The Corridor is a 2010 Canadian horror film directed by Evan Kelly and starring Stephen Chambers, James Gilbert, David Patrick Flemming, Mary-Colin Chisholm and Nigel Bennett.

==Plot==
Friends on a weekend excursion follow a path into a forest that leads to death and horror.

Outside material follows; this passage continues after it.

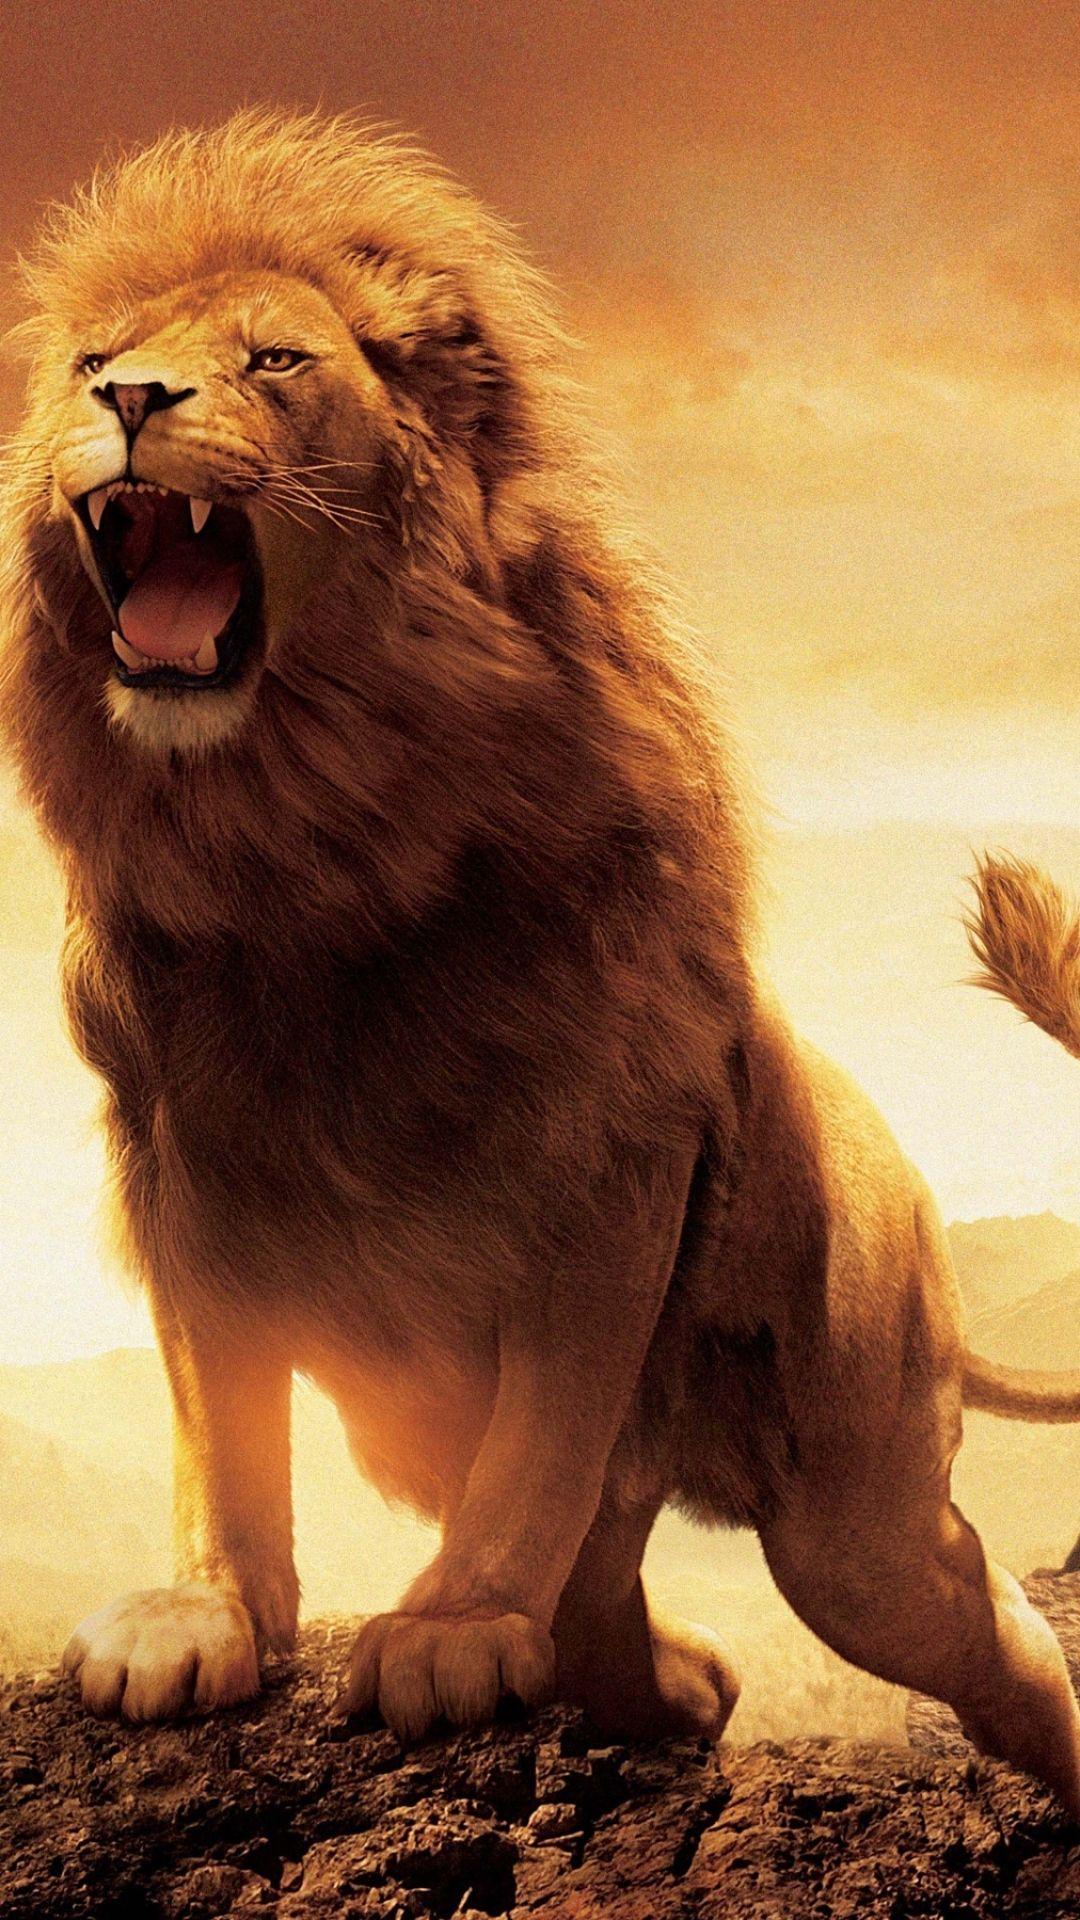 Movie The Chronicles Of Narnia: The Lion, The Witch And The Wardrobe

A group of high school friends reunite years later for a weekend of partying and catching up on old times. Isolated deep in the snow-covered forest, they stumble upon a mysterious corridor of light. Like a drug, the corridor's energy consumes them, driving them to the point of madness. One by one, they turn on each other, taking their evil to the next level. Mayhem leads to murder as they race to outlast each other, and the corridor's supernatural powers.

==Cast==
- Stephen Chambers as Tyler Crawley
- James Gilbert as Everett Manette
- David Patrick Flemming as Chris Comeau
- Matthew Amyotte as Robert 'Bobcat' Comeau
- Glen Matthews as Jim 'Huggs' Huggan
- Mary-Colin Chisholm as Pauline Crawley
- Nigel Bennett as Lee Shephard
- Elphege Bernard as Female Student
- Heather Salsbury as Lee

==Reception==
Dread Central said, "The dynamic between the actors, the graphic but controlled violence, and the psychedelic, sci-fi wonderment of The Corridor make it well worth your time."

Horror News said, "While we would like many more questions to be answered, the “lack of” feels ok in this instance to allow for the mystery elements to fully embellish. “The Corridor” is a fantastic thrill ride of horror and science fiction worth seeing."